## [Task instructions]
This exercise requires an exact output of the listing, images omitted.

## [Dataset extract]
---------------

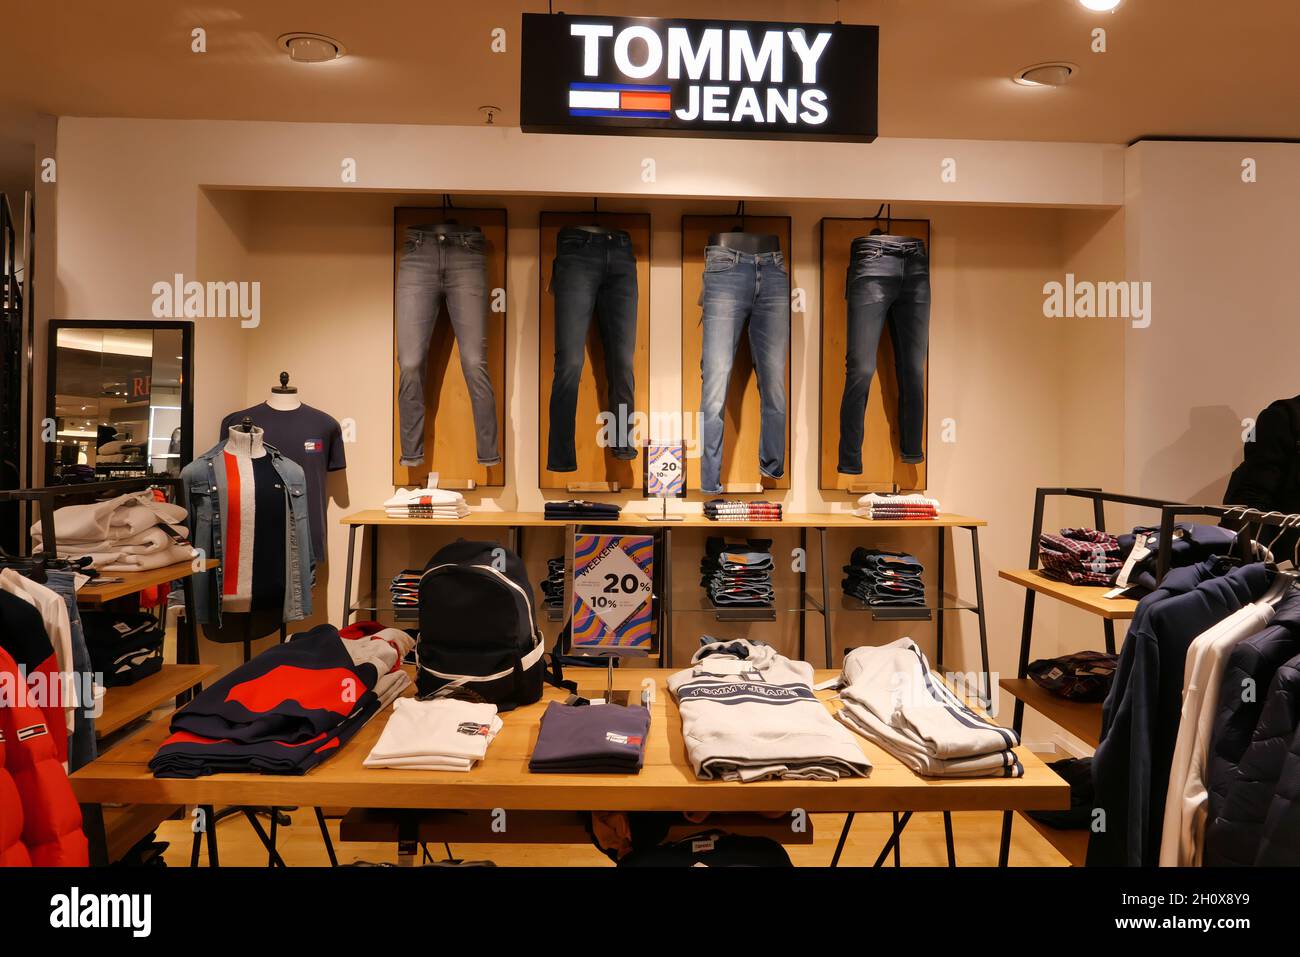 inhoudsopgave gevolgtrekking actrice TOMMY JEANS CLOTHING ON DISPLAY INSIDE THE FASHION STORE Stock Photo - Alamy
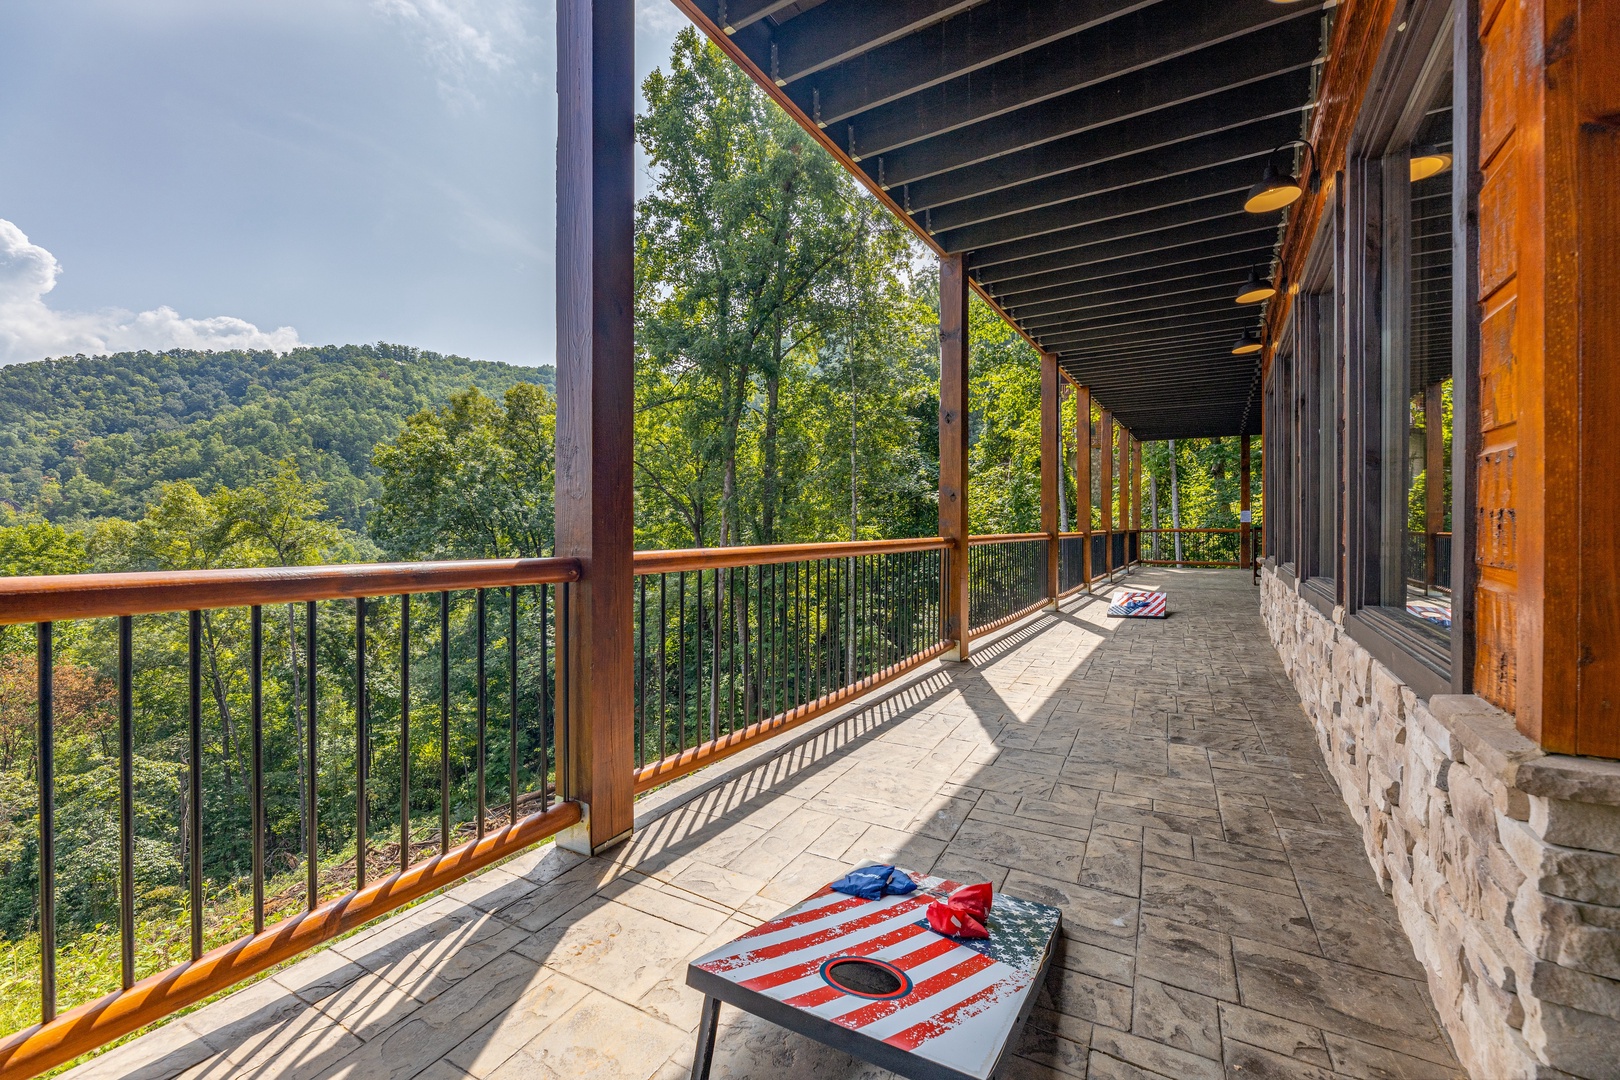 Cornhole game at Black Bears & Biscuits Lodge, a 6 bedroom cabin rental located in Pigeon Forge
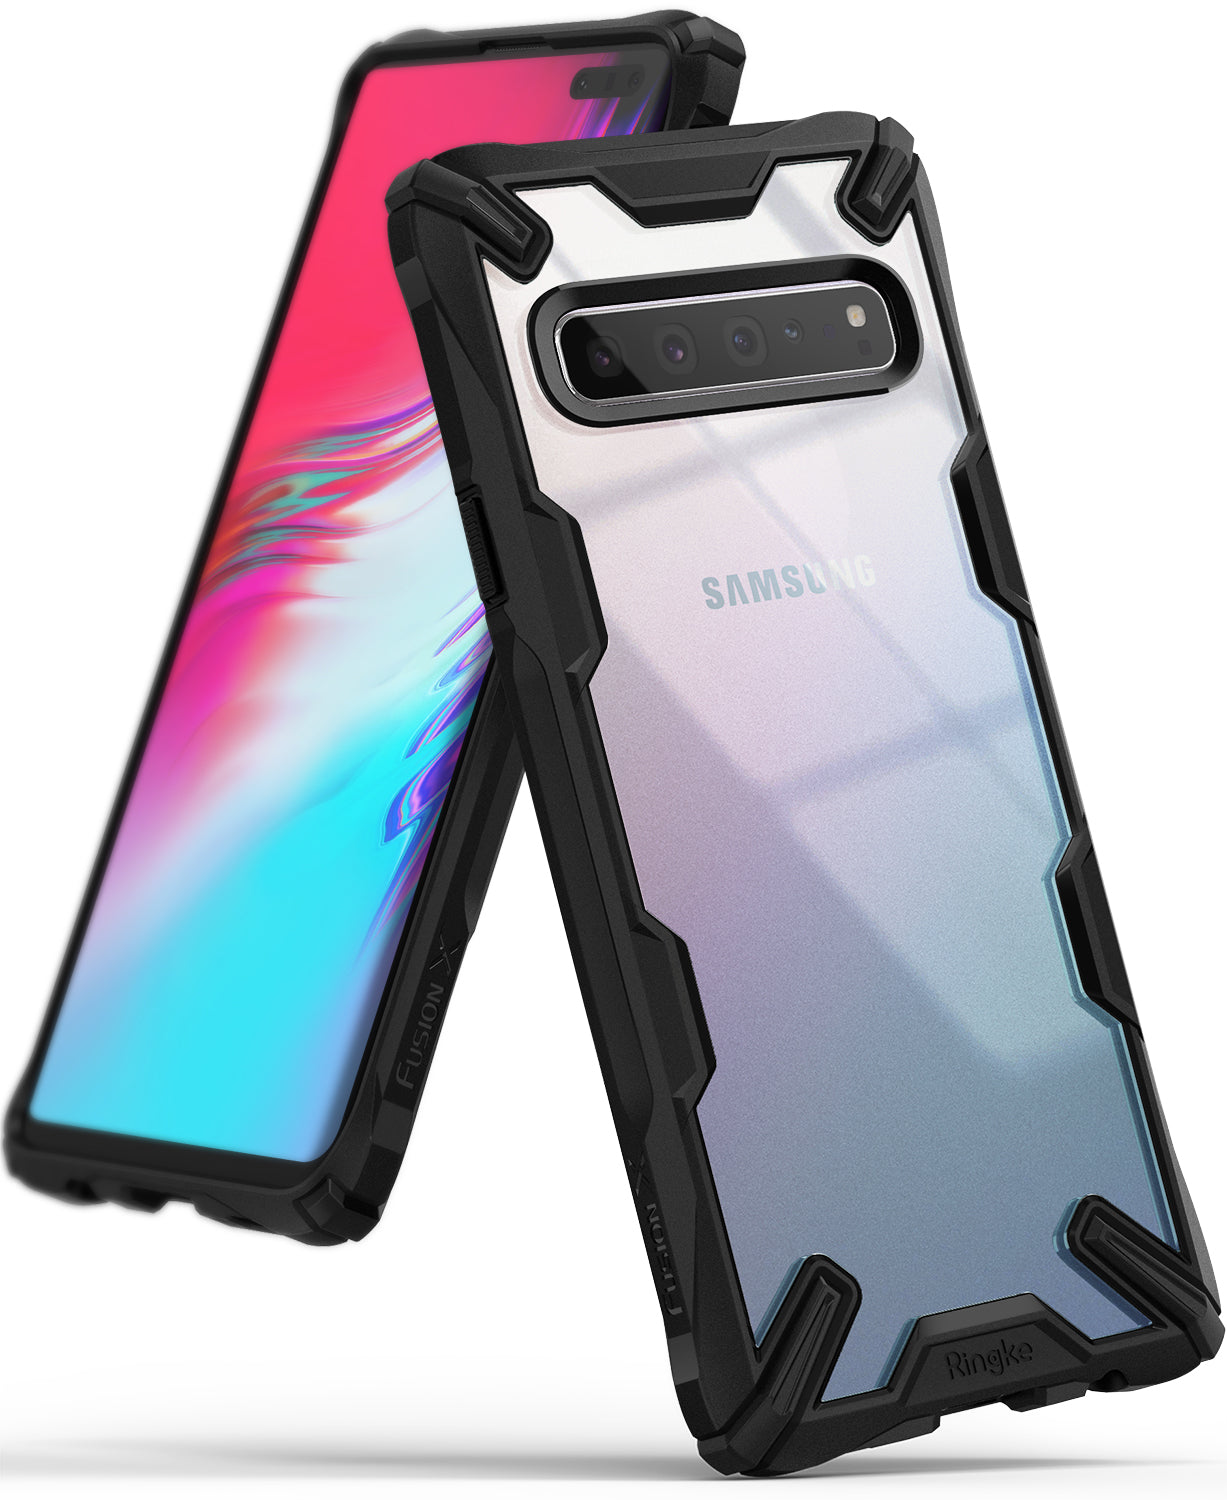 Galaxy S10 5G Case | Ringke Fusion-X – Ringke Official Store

---------------

## [Response area]
 inhoudsopgave gevolgtrekking actrice TOMMY JEANS CLOTHING ON DISPLAY INSIDE THE FASHION STORE Stock Photo - Alamy
 Cornhole game at Black Bears & Biscuits Lodge, a 6 bedroom cabin rental located in Pigeon Forge
 Galaxy S10 5G Case | Ringke Fusion-X – Ringke Official Store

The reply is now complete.